The 2025 Reconciliation Law authorized the Rural Health Transformation, or RHT, Program, which is intended to strengthen and modernize healthcare in rural communities. Through the RHT Program, $50 billion in federal grants will be distributed over five years, with $10 billion available in each of federal fiscal years 2026 through 2030, which may partially offset Medicaid spending reductions expected as a result of the 2025 Reconciliation Law as described herein, although the magnitude of such grants will be far less than the anticipated Medicaid spending reductions. In December 2025, CMS announced that all 50 states will receive awards under the RHT Program. Providers may be granted subcontracts or subawards and providers could receive payments for healthcare items and services, subject to funding policies and limitations. All funds must be spent before October 1, 2032.

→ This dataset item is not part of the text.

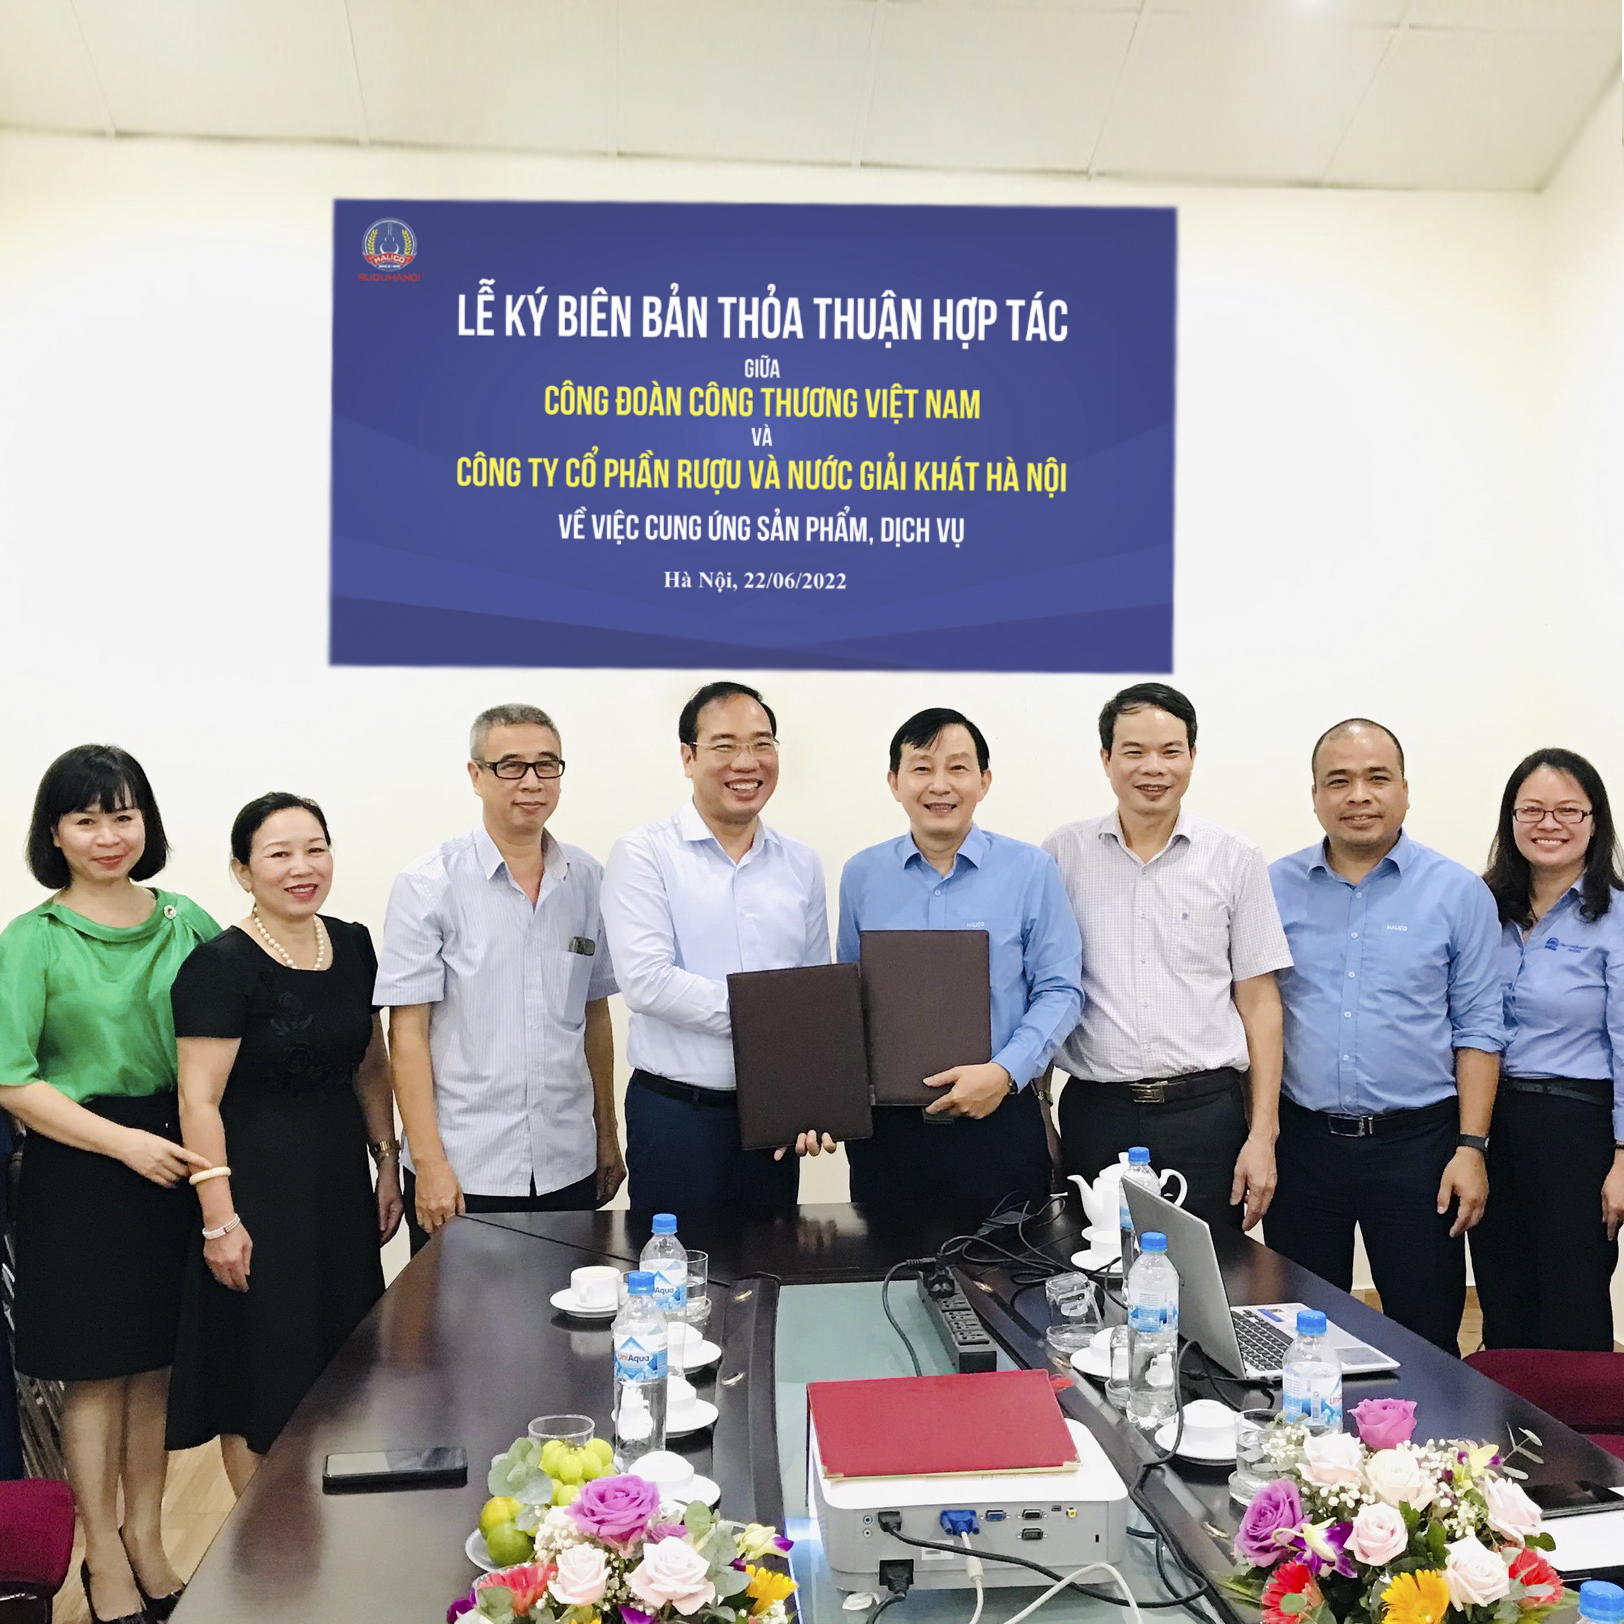 Halico tổ chức thành công Lễ ký biên bản thỏa thuận hợp tác với Công đoàn Công thương Việt Nam

Reimbursement by government programs may be affected by broad shifts in payment policy. For example, recent changes related to the 340B Drug Pricing Program have implications for all hospitals reimbursed under the outpatient PPS, including those, like ours, that do not participate in the program. In 2018, CMS implemented a payment policy that reduced Medicare payments for 340B hospitals for most drugs obtained at 340B-discounted rates and that resulted in increased payments for non-340B hospitals. In June 2022, the U.S. Supreme Court, in American Hospital Association v. Becerra , invalidated past payment cuts for hospitals participating in the 340B Drug Pricing Program. In light of the U.S. Supreme Court decision and to achieve budget neutrality, CMS reduced payment rates for non-drug services under the outpatient PPS for calendar year 2023, and lump sum payments were distributed to affected 340B providers as the remedy for calendar years 2018 through 2022. This reduction to payment rates adversely affected our results for the nine months ended September 30, 2025. Moreover, in order to comply with budget neutrality requirements, HHS finalized a corresponding offset in future non-drug item and service payments for all outpatient PPS providers (except new providers) that will reduce the outpatient PPS conversion factor by 0.5% annually until the past invalidated payments are offset. This 0.5% reduction began in calendar year 2026 and was expected to continue for approximately 16 years, but CMS has indicated that it may accelerate this timeline by implementing a larger reduction beginning in calendar year 2027. We anticipate that the reduction to the outpatient PPS conversion factor will impact our results.
Sources of Revenue
The following table presents the approximate percentages of net operating revenues by payor source for the periods indicated. The data for the periods presented are not strictly comparable due to the effect that businesses acquired, sold, closed or opened during each of the respective periods, as applicable, have had on these statistics.
Year Ended December 31,
Medicare
Medicare Managed Care
Medicaid
Managed Care and other third-party payors
Self-pay
Total
As shown above, we receive a substantial portion of our revenues from the Medicare, Medicare Managed Care and Medicaid programs. Included in Managed Care and other third-party payors is net operating revenues from insurance companies with which we have insurance provider contracts, insurance companies for which we do not have insurance provider contracts, workers’ compensation carriers and non-patient service revenue, such as gain (loss) on investments, rental income and cafeteria sales. We generally expect the portion of revenues received from the Medicare and Medicare Managed Care programs to increase over the long-term due to the general aging of the population and other factors. The general trend toward increased enrollment in Medicare Managed Care and Medicaid managed care programs, which has slowed or reversed in some cases in recent years, may adversely affect our net operating revenues. We may also be impacted by regulatory requirements imposed on insurers, such as minimum medical-loss ratios and specific benefit requirements. Furthermore, in the normal course of business, managed care programs, insurance companies and employers actively negotiate the amounts paid to hospitals. Our relationships with payors may be impacted by policy developments such as price initiatives and out-of-network billing restrictions, including those in the No Surprises Act. There can be no assurance that we will retain our existing reimbursement arrangements or that third-party payors will not attempt to further reduce the rates they pay for our services. The revenues we receive and our relationships with payors are also expected to be impacted by the 2025 Reconciliation Law, which includes healthcare policy changes that are expected to decrease access to health insurance and result in significant cuts to federal healthcare spending.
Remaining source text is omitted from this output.